Today I had my first voice lesson in a month. My teacher's wife had had the flu and he decided he didn't want students in the house. In the past if I went that long without a lesson I could feel tension creeping into my singing but I guess I am much more secure in my technique now, so that did not happen.
I tried something new (again) with the highest notes, trying to literally feel like I am vomiting them out. I remember having watched Leontyne Price singing at the Met when I was in High School (probably looking through my mother's opera glasses) and I noticed how wide she would open her mouth and how she would sort of lean forward, so I tried to imitate that. (I definitely got all my pianissimo techniques from watching her, even though I didn't put them to use until over 40 years later.)
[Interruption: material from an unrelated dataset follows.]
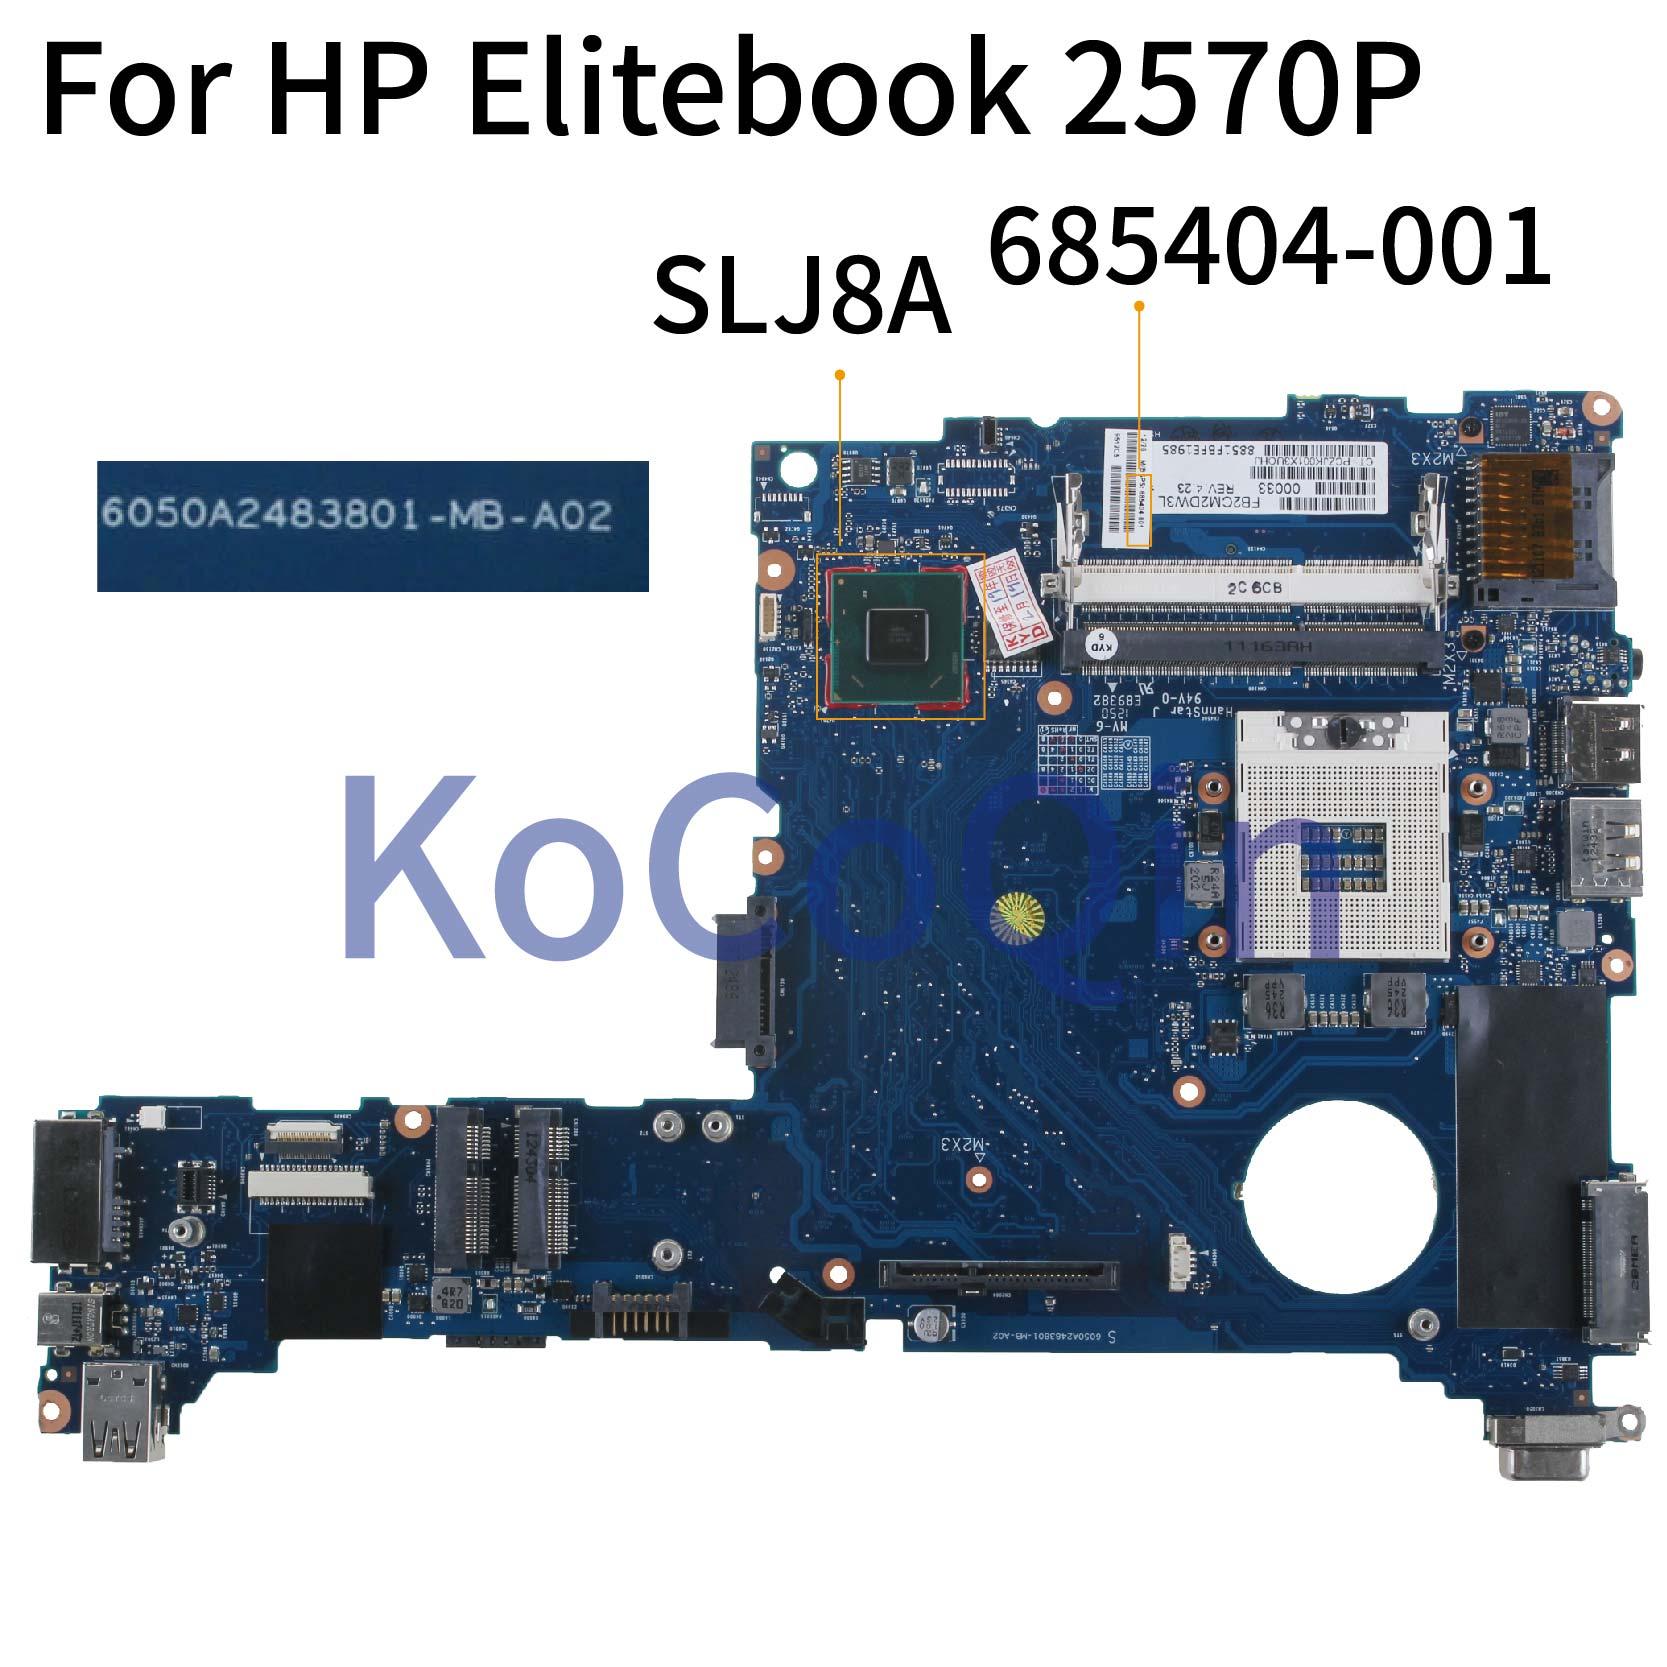 Placa base para ordenador portátil KoCoQin para HP Elitebook 2570P, placa base 685404-001 685404-501 6050A2483801-MA-A02 SLJ8A

Trying this technique I was able to sing a long arpeggio up to a high C and back and the note was more open and freer than it ever had been. Then I sang through "Liber Scriptus" and sounded better with the climactic section (it's only a bloody A flat) than I ever had as well. (If I can wail out that note, which comes early in the Requiem, I will be totally out of the woods for the rest of this great work and can enjoy myself.)
One thing I mentioned to my teacher was my disappointment that I have never had an "aha" moment that helped me with the highest notes. I feel that my singing, my stamina, the timbre of my voice, my breath control, in fact everything except those highest notes, keeps improving, but they are simply not a sure thing. My teacher told me that these "aha" moments usually come early in someone's technical development when suddenly they put things together. He says I am past that and that the problems I have with those notes don't really have to do with technique as much as with physiology (I may not have the God-given ability to extend my range as far as other people, even many mezzos), I started late (even 26, when I started the first time, was late and I had 13 years of smoking behind me at that point) so my muscles and cartilage were not that flexible, and that there is an enormous difference in how well I can sing up there between when I am tired and when I am not. Overall, I know that I get less tired. I can sit through a two hour choir rehearsal singing soprano (which means lots of pianissimo Fs and Gs) without getting tired, which had not been the case several years ago.
He also gave me his verdict on the CD. He said I sounded much better than in 2009, that much of the singing was lovely, that it was an interesting set in that I sang some unusual things (the Sappho aria, for example) and that the highest notes were not horrible, they just sounded "effortful" and not as good as everything else. We both agreed it is probably not worth spending money to "produce" the CD in any way, but that I should just get 20-25 copies to hand out to friends.
Lastly (and I had originally planned to devote an entire blog post to this) I feel I still was not really clear about the issue of calling myself an opera singer.
I posted a link to the blog post on Facebook, partly because I want more readers (and I write much better than I sing, and am still looking to spark someone's interest, like in Julie and Julia) and also just to get my perspective out there, and I still feel somewhat confused. My therapist tells me all the time I can't look for validation from other people, but I was told by some commenters that whether or not I'm an opera singer does have to do with whether or not other people think this. I mean of course I need validation from other people on some level. I need my teacher to tell me what sounds good and what doesn't, and what I should sing and what I should not sing, and I need to get a green light even just to produce something myself, for example, if I want to use the church space, someone has to approve it, because the church has a reputation as a music venue during its off hours. I think what she (the therapist) means is that if being an opera singer, even an amateur one who performs infrequently in humble settings is the most important thing about myself to me, then it doesn't matter if other people don't care about it and they think of me as a copy editor, or someone to talk with about what's on public tv or something in the news.
So what do I mean exactly when I say I'm an opera singer? I suppose I mean that the peak experiences I've had singing in operas or concerts, whether it was three years ago or 35, are moments that have defined me. And what was so devastating to me about my forays into the the Forum was that I felt these past experiences which were among the most important in my entire life were being trivialized and overshadowed by other people who would just ignore me. I hadn't realized how insignificant these experiences were in the scheme of things, and once I realized this, I felt very ripped off. I mean being an opera singer informs everything that I do from how I dress when I go to the grocery store to what I eat to how I sit to (I'm really working on this one), how I project and protect my speaking voice. The fact that I've had these, even sporadic, diva moments make me a tad less ordinary. Even before I started singing again I would often refer to these past performances and people would say, yes, I can see you doing that. It's as if those moments give me a glow, sort of like what one gets from great sex (LOL) that sets me apart from other women my age who sit hunched over desks, let their hair go gray, and have no charisma when they engage with people.
So I suppose all this boils down to the fact that whether or not people singing all over the country think I'm a real opera singer, the fact that I sing even the few times a year that I do says much more about me than what I do for a living. So I think what my therapist was talking about is that I can walk down the street with perfect posture and perfect makeup, and I can glow with star quality and that I can't let anyone try to take that away from me. Most people who see me in stores ask me if I am in the performing arts. No one would ever guess in a million years that I sit at a desk (in my tiny apartment no less) for hours and hours.